Wire mesh glass (also known as Georgian Wired Glass) has a grid or mesh of thin metal wire embedded within the glass. Wired glass is used in the US for its fire-resistant abilities, and is well-rated to withstand both heat and hose streams. This is why wired glass exclusively is used on service elevators to prevent fire ingress to the shaft, and why it is commonly found in institutional settings which are often well-protected and partitioned against fire. The wire prevents the glass from falling out of the frame even if it cracks under thermal stress, and is far more heat-resistant than a laminating material.

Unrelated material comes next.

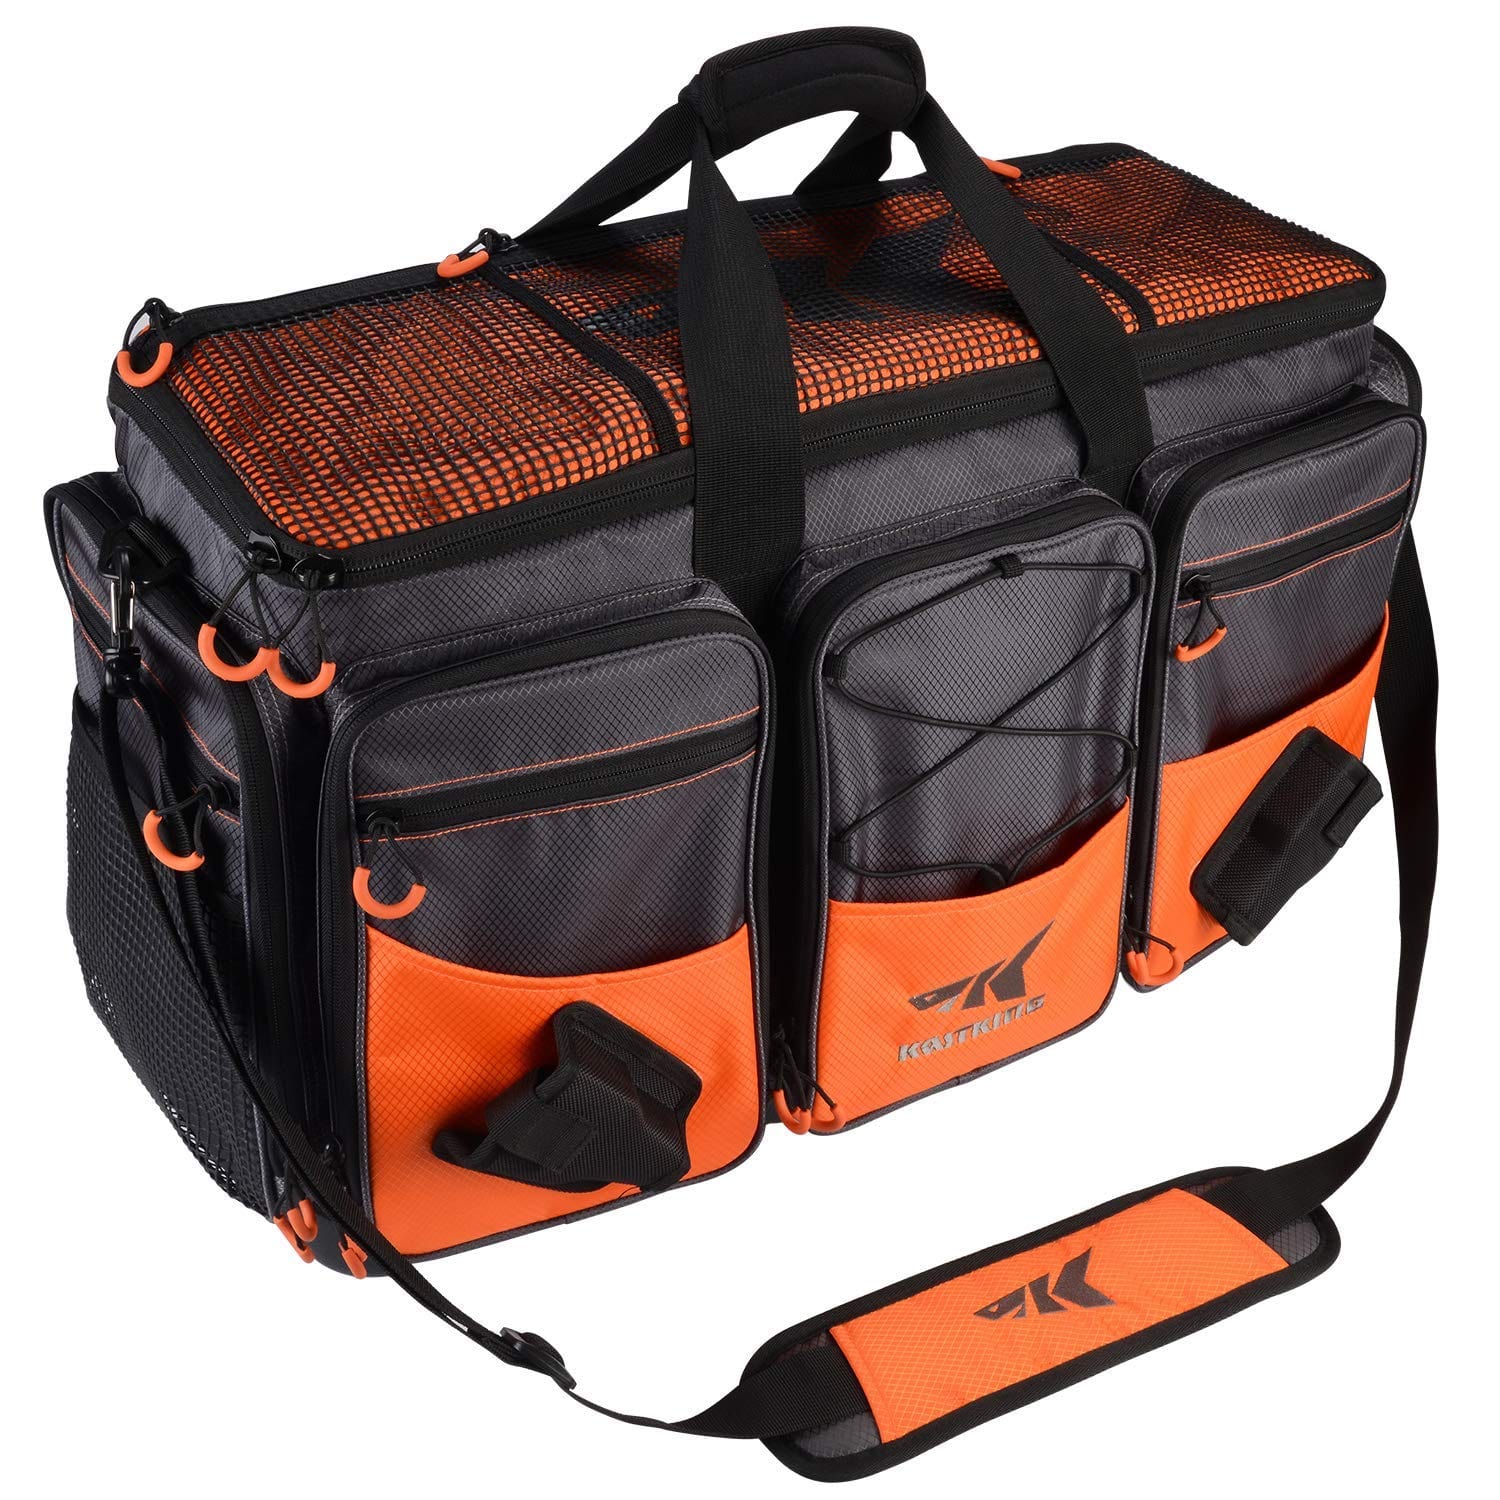 Ultrahaus Fishing Tackle Bag, Portable & Foldable Heavy-duty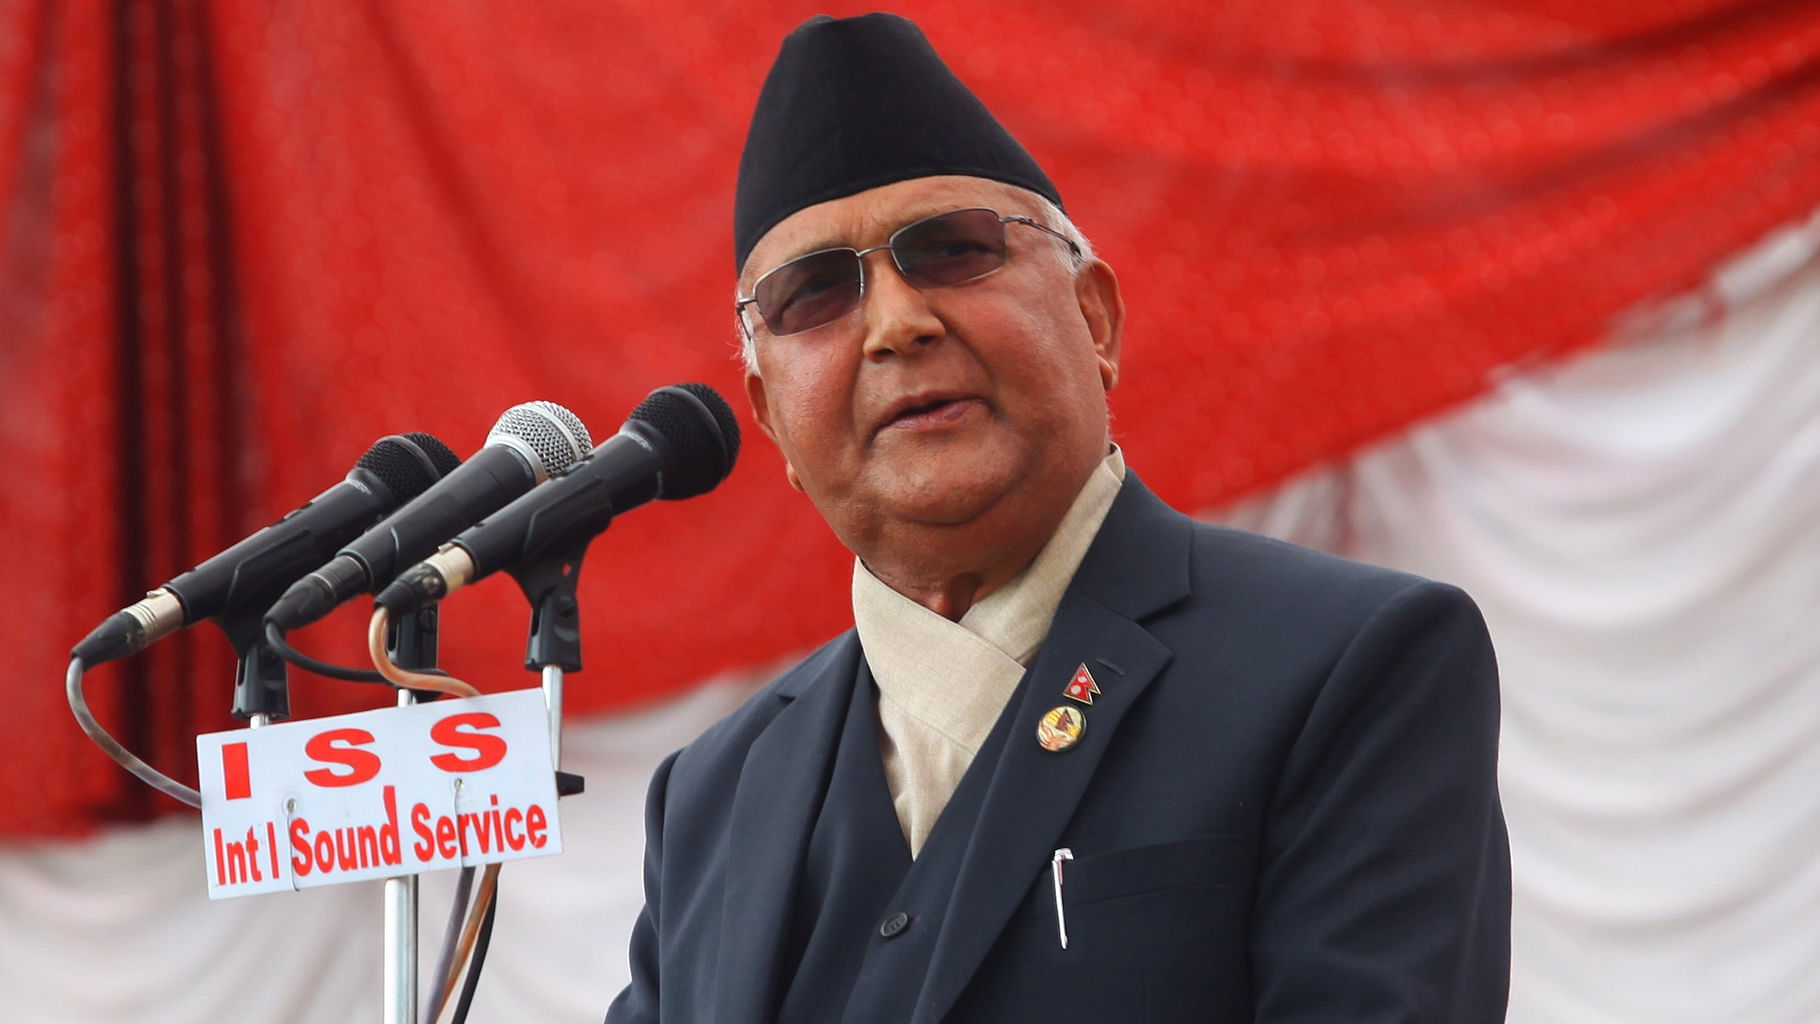 Nepal’s Prime Minister KP Oli. (Photo: IANS)

Wired glass, as it is typically described, does not perform the function most individuals associate with it. The presence of the wire mesh appears to be a strengthening component, as it is metallic, and conjures up the idea of rebar in reinforced concrete or other such examples. Despite this belief, wired glass is actually weaker than unwired glass due to the incursions of the wire into the structure of the glass. Wired glass often may cause heightened injury in comparison to unwired glass, as the wire amplifies the irregularity of any fractures. This has led to a decline in its use institutionally, particularly in schools.

In recent years, new materials have become available that offer both fire-ratings and safety ratings so the continued use of wired glass is being debated worldwide. The US International Building Code effectively banned wired glass in 2006.

Canada's building codes still permit the use of wired glass but the codes are being reviewed and traditional wired glass is expected to be greatly restricted in its use. Australia has no similar review taking place.